After all of that good experience, I'm really convinced of the usefulness and effectiveness of the so-far-published -vrq patches to reduce desktop latency, improve interactivity and kind of "equalize" bottleneck situations, especially regarding high i/o and high cpu and also both together. That also includes my use of /dev/shm and resulting swapping to disk. I'm using the BFQ disk scheduler and TuxOnIce hibernation together with -vrq.
At the moment I don't feel the need to compare with plain&pure BFS/CK at all. And a recent test of the 4.2-rc5 kernel with the CFS scheduler (and without BFQ, too) at least showed, how far away the plain kernel is from desirable AND achievable targets regarding low latency.

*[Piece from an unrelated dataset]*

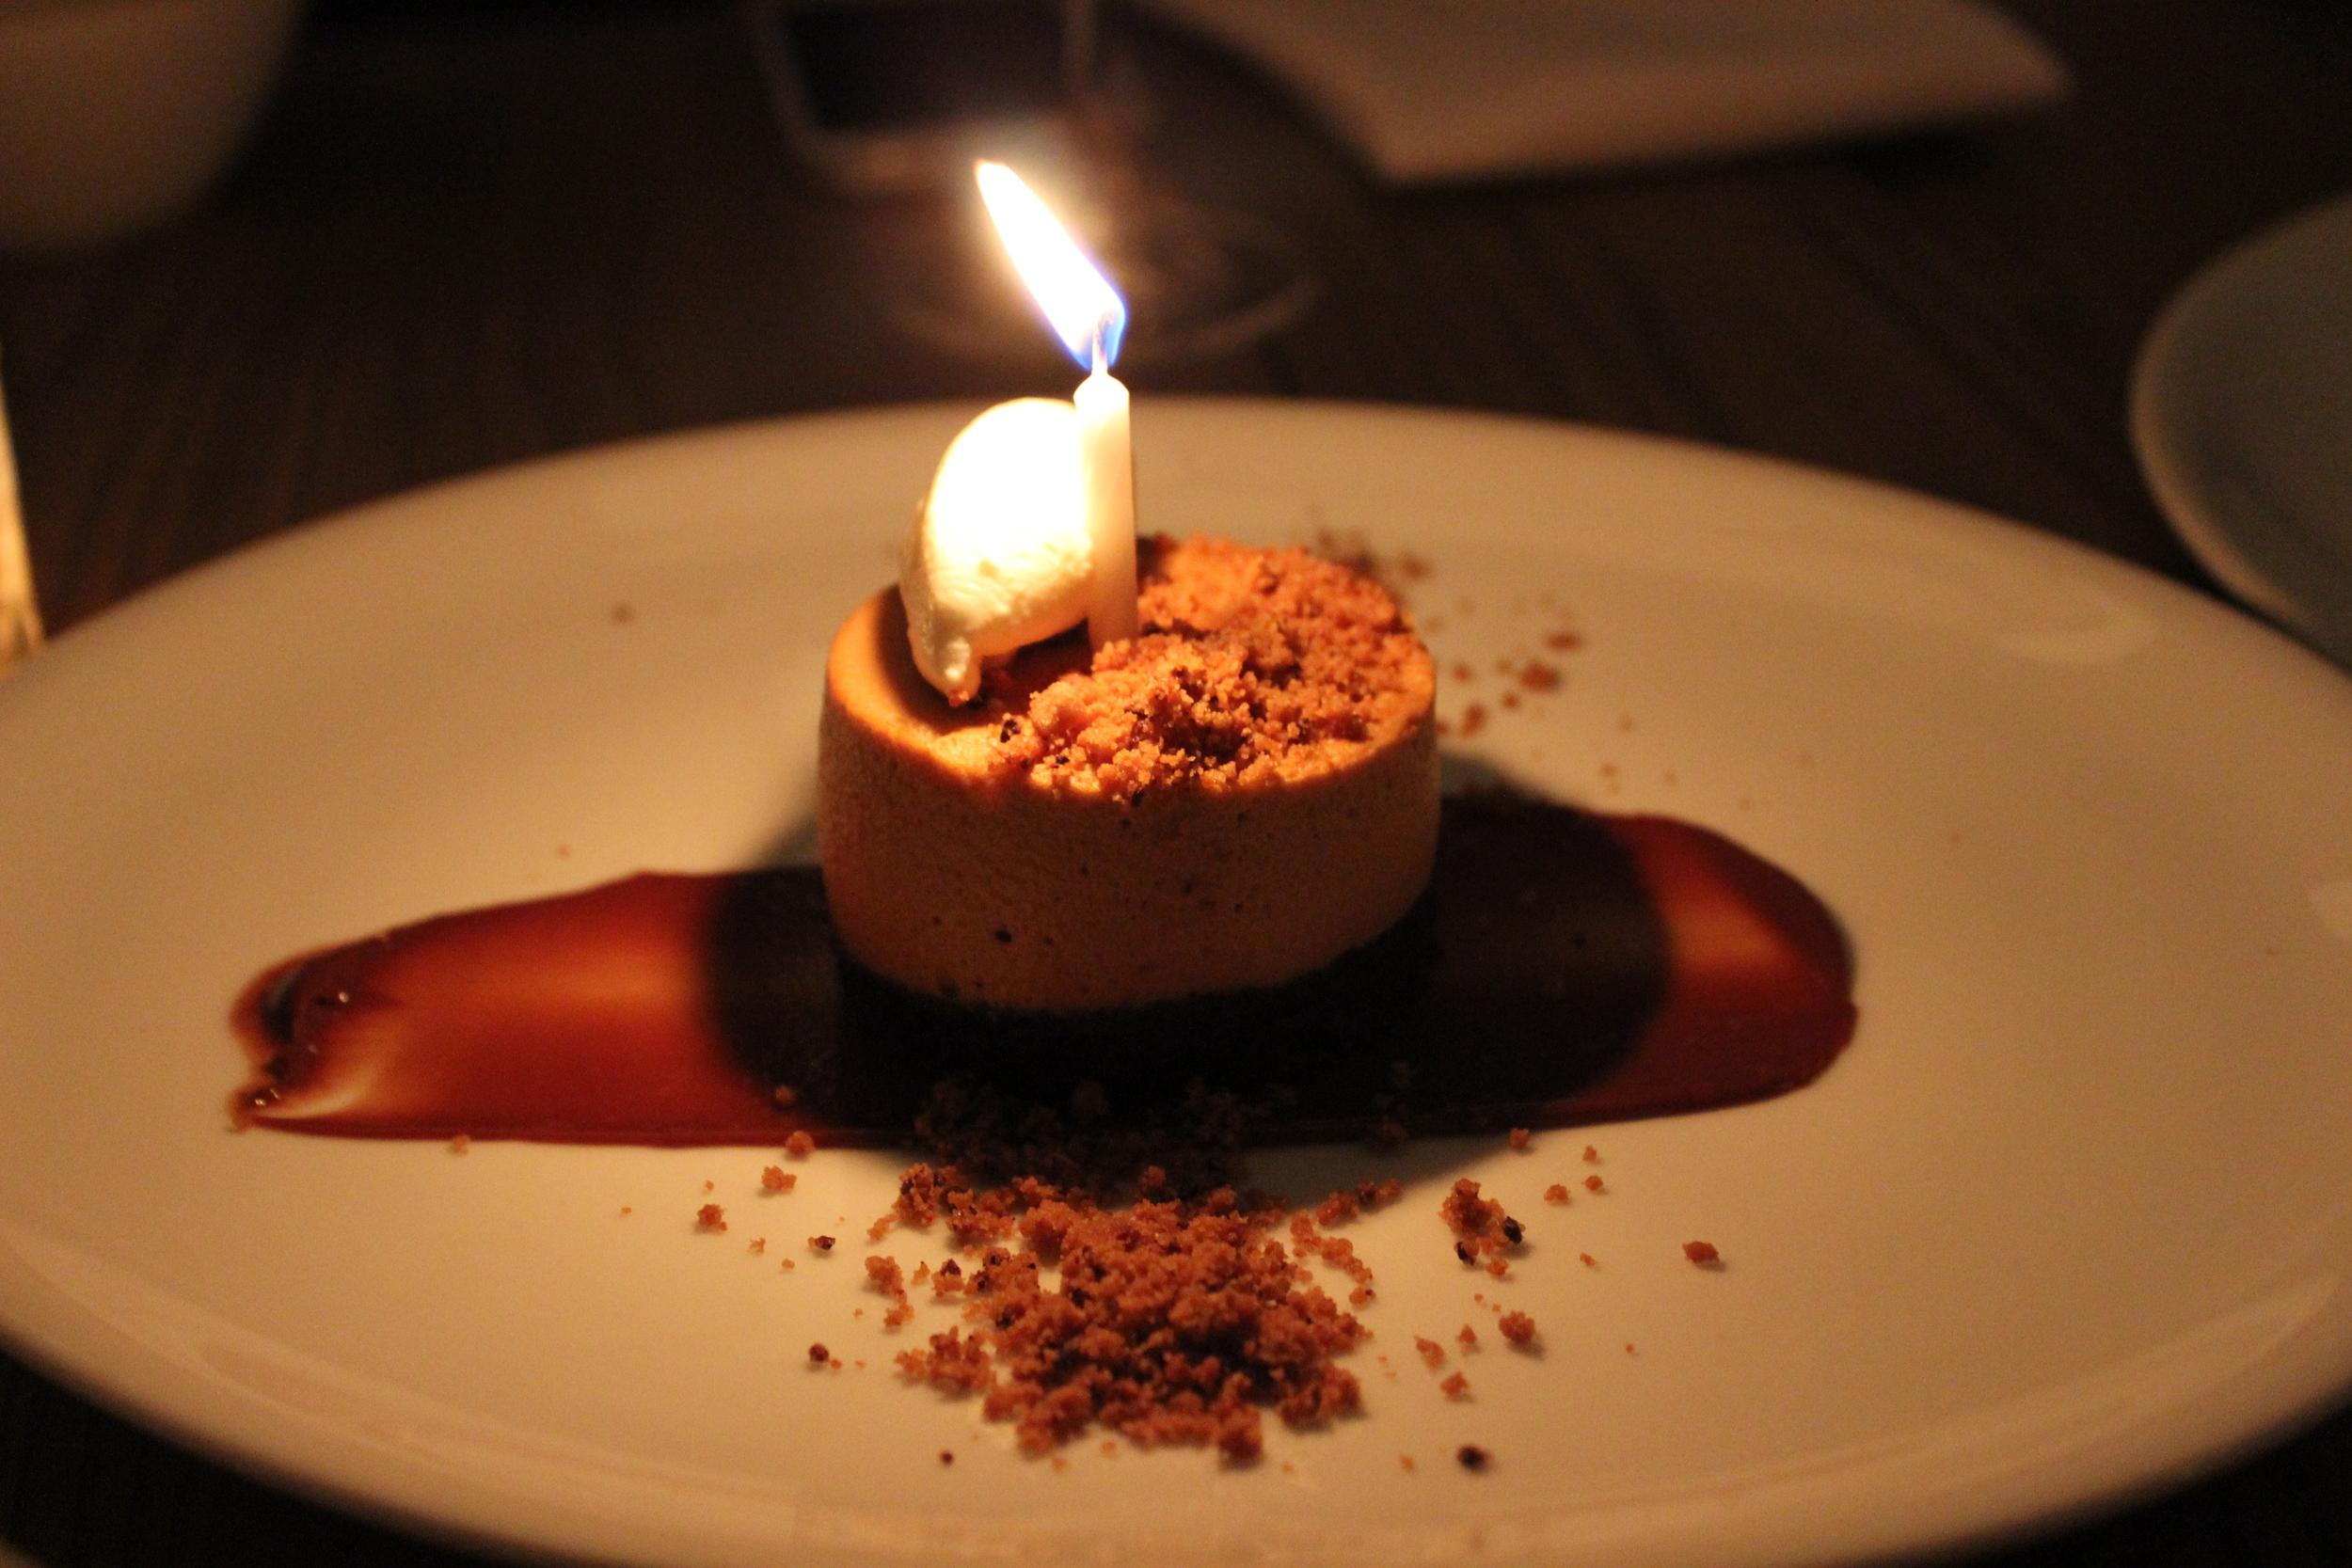 Birthday Cake of Chocolate Goodness!

Dear Alfred, please keep up your wonderful work!
BR Manuel Krause
Hi Alfred,
ReplyDeletegreat news, thanks for your great work !
I've quickly looked for [via Google] a description of VRQ but haven't found a short one:
is it an optimized locking mechanism which improves scalability and performance ?

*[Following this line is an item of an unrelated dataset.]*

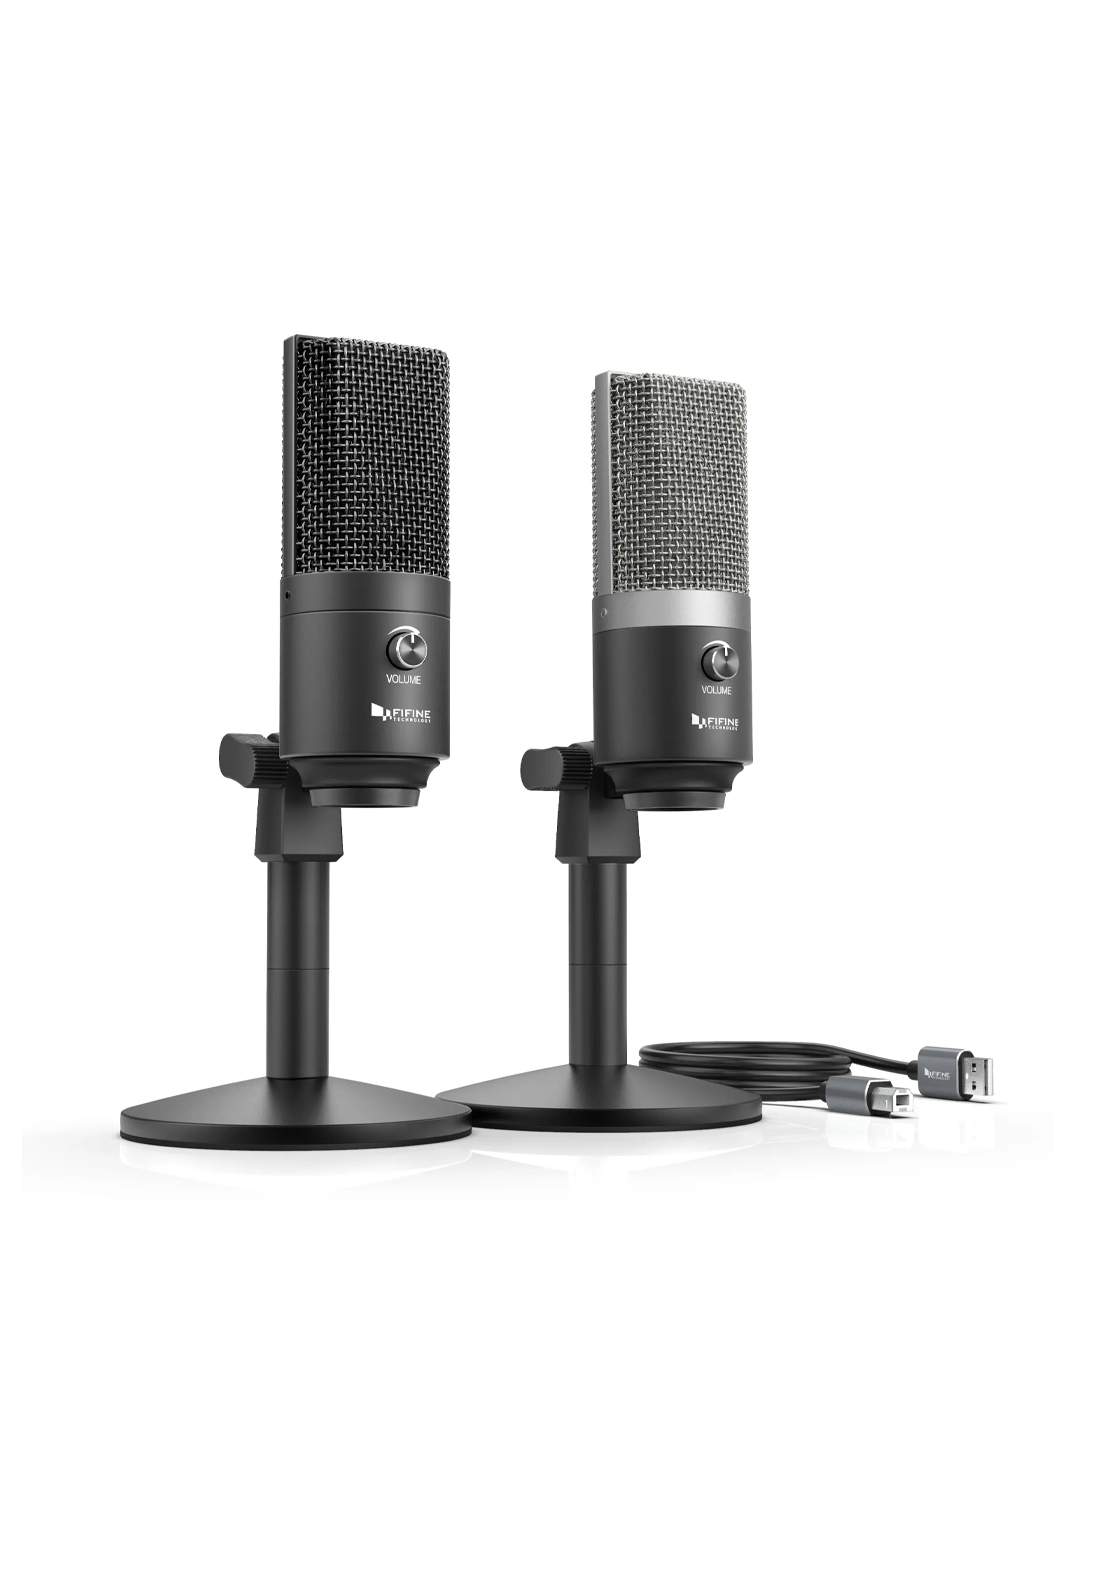 Fifine K670 USB Microphone for PC مايكروفون

Are there any changes related to SMT_NICE and VRQ ?
Will see if I find some time to update to BFS & VRQ within the next days (or even weeks) and give it a good testing
Thanks !
@kernelOfTruth
DeleteCatch you! How is your "btrfs scrub" issue going? CK released an reverse_unplug patch which similar to your previous "trail patch". I want to know how your issue going and if ck's patch resolve it?
Hi Alfred,
DeleteI wiped Btrfs from that particular Backup drive - so now only ZFS is remaining as Filesystem for valuable data (Btrfs is still on / [root], /usr/portage and /var/tmp [in RAM]),
scrubs for ZFS and rsync haven't shown any issues so far
So yes that patch resolved it (using BFS 463) :)
Thanks
@kernelOfTruth: Have you already tried to remove Con's patch and use Alfred's modification from
Deletehttps://bitbucket.org/alfredchen/linux-gc/downloads/sched_submit_work.patch
instead?
I've had it running on top of the -vrq solution as of before yesterday's updates for three days without related problems.
BR Manuel Krause
Hi Manuel,
DeleteI haven't but I'm running latest VRQ 0.5 now,
so that patch is needed to address the heavy i/o lockups ?

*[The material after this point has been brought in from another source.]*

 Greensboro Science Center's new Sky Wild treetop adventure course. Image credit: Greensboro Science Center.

Oh fun, another round of compiling :P
Thanks
Hi, kernelOfTruth,
DeleteI don't know if -vrq would fix the issue by itself. In the other threads (including CK's blog), post-factum has written, that with Con's fix his machine worked well (and NOT without it) and he's testing Alfred's new one at the moment (...until something happens). He's using the plain -gc branch, I assume.
With the complete new -vrq as of today +Alfred's patch I have had no issues at all in ~4h of run time.
Maybe you can use & test the above mentioned patch, if ever you face errors you've had in the past when you're running it without Con's patch atm.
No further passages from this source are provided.